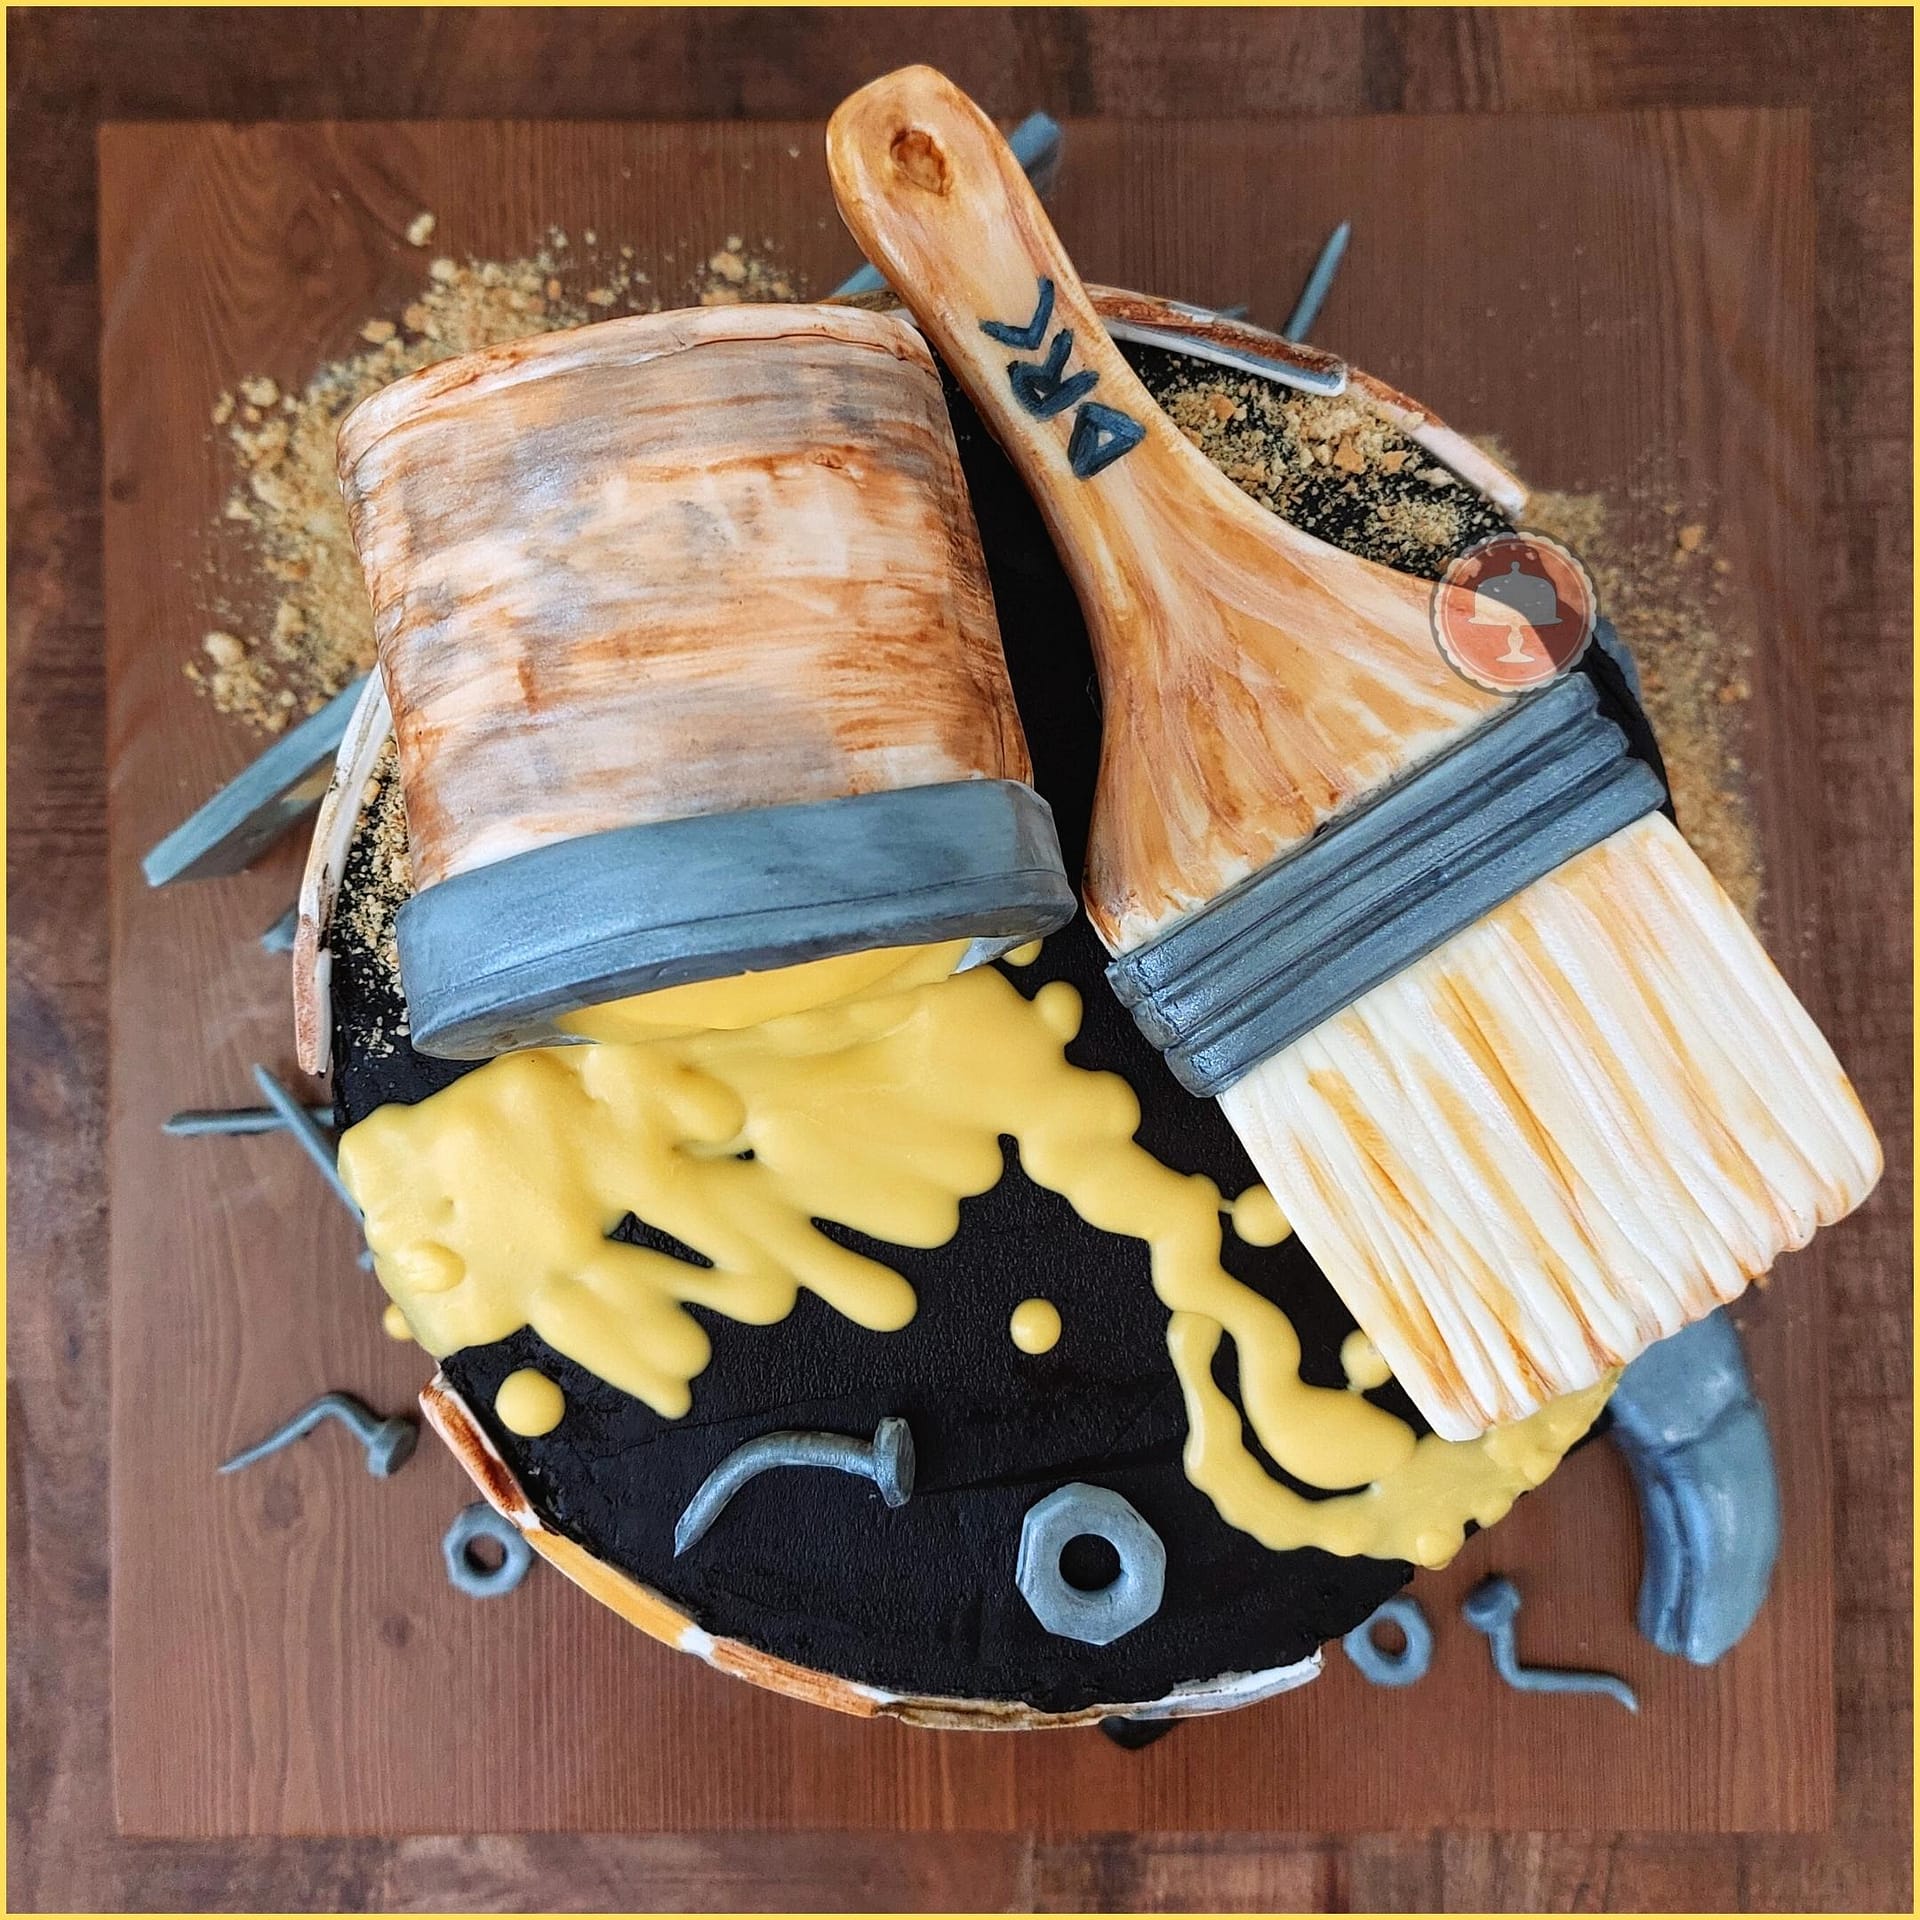 Popular Carpenters Cake Ideas - Tool Cake - CakeLovesMe - Recipes, New Cake Designs! - new york style cheesecake recipe -
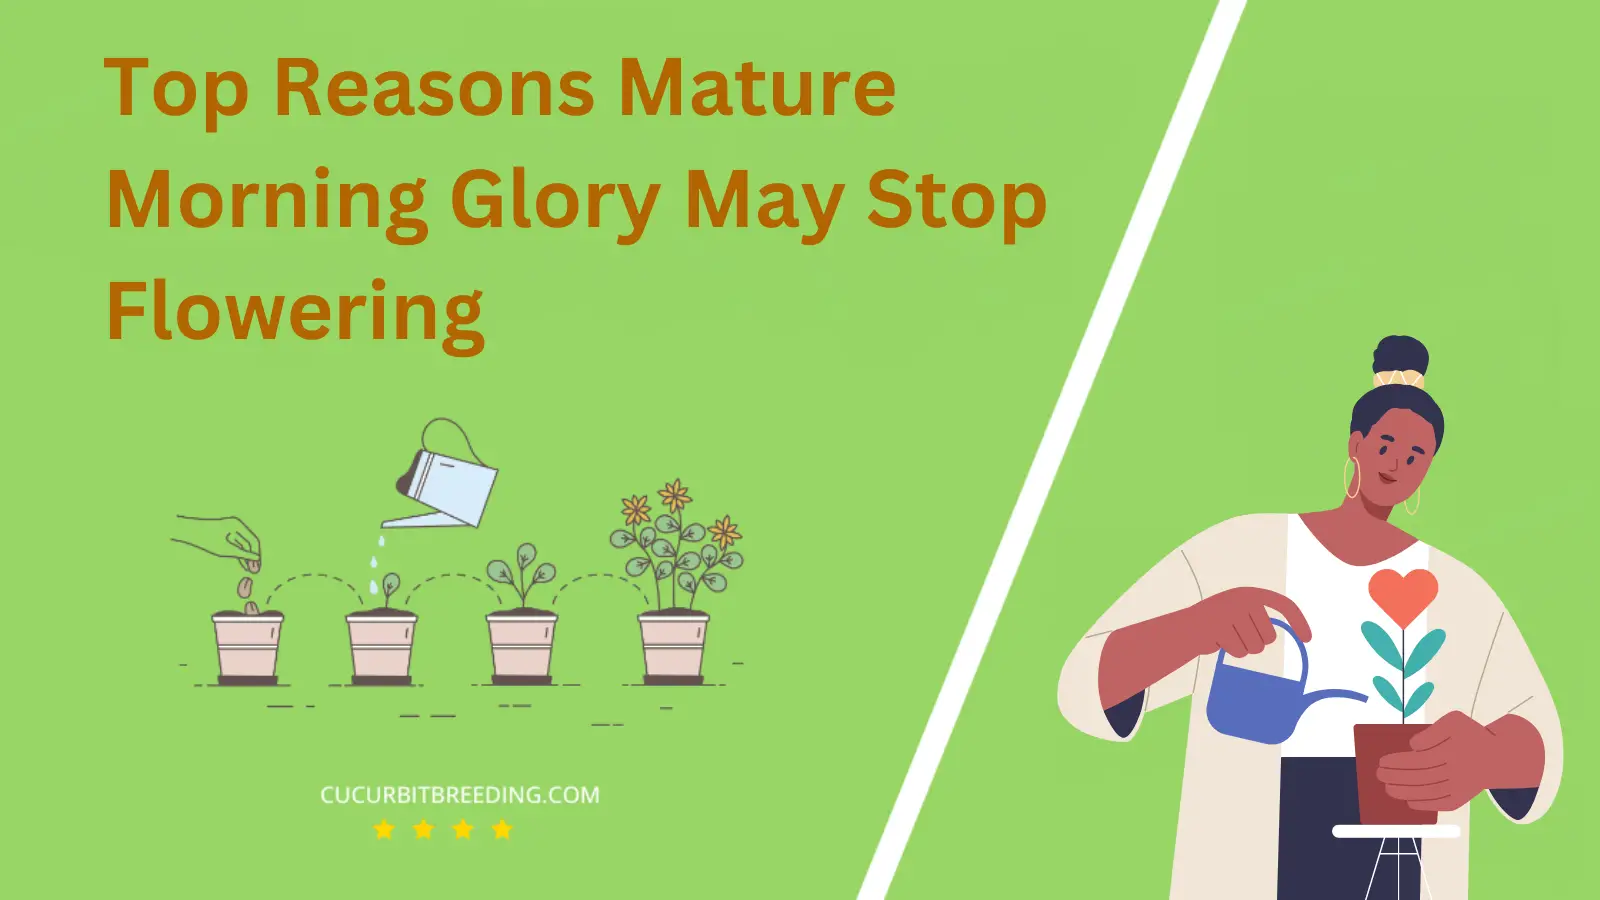 Top Reasons Mature Morning Glory May Stop Flowering
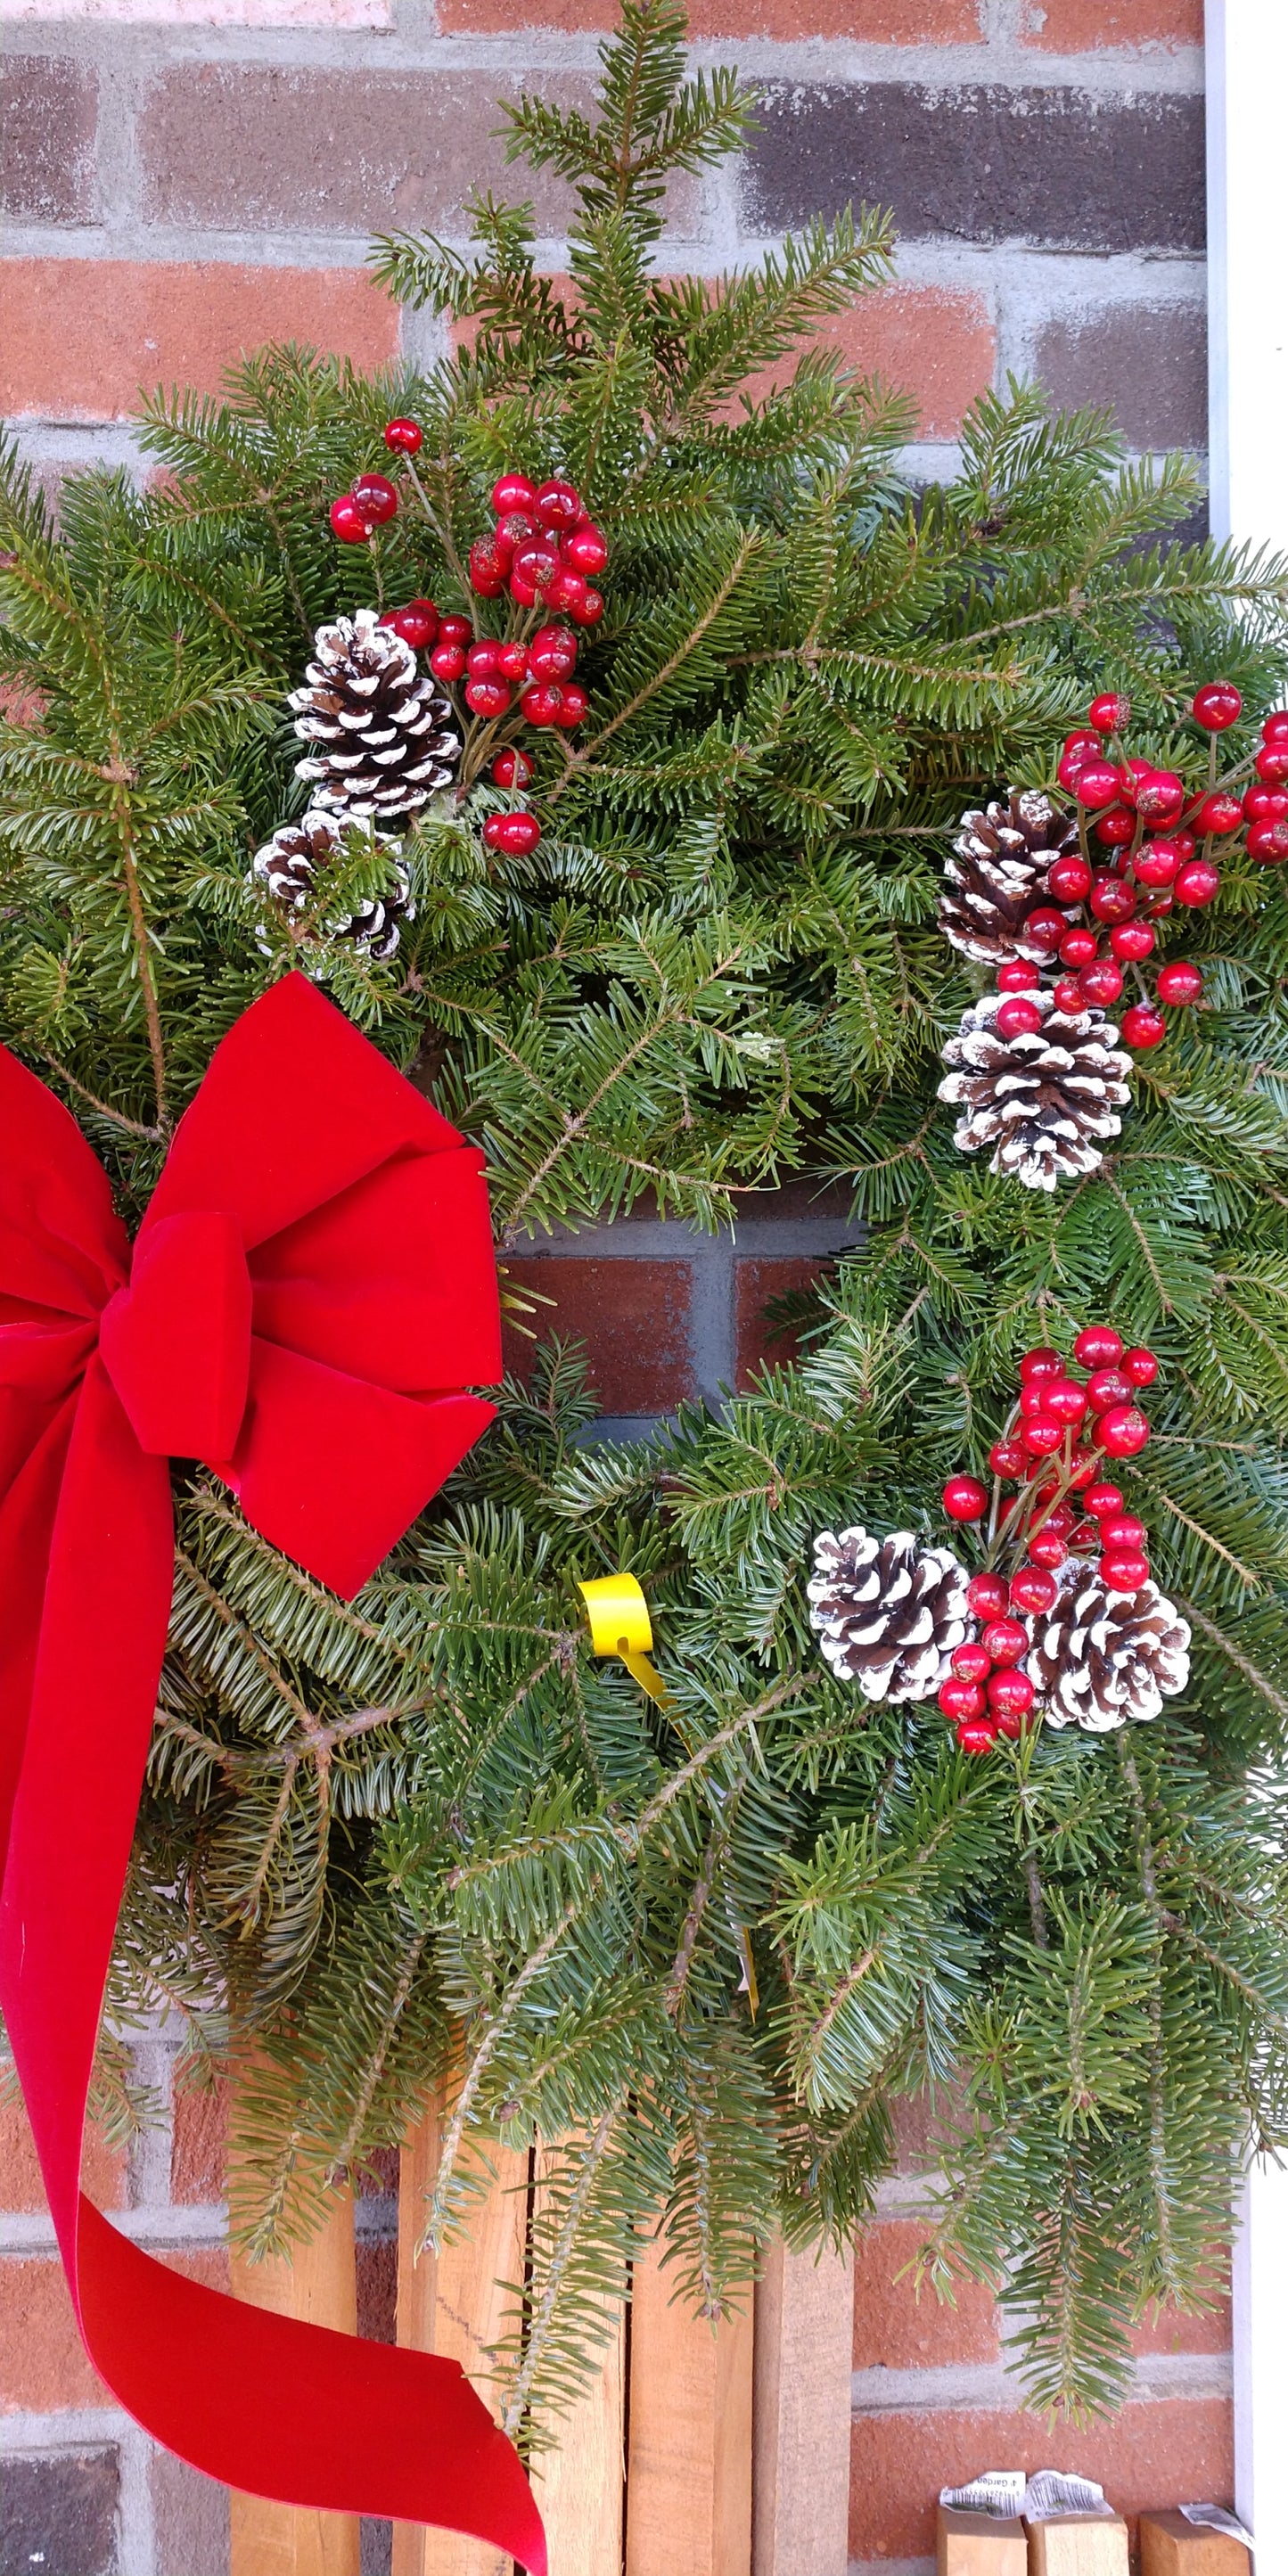 10" decorated wreath
————
[Your assignment] The copy should begin at the line containing "Top Reasons Mature" and end at the last line of the data above; please restate those lines word for word without the pictures.

[Exercise result]
 Top Reasons Mature Morning Glory May Stop Flowering
 10" decorated wreath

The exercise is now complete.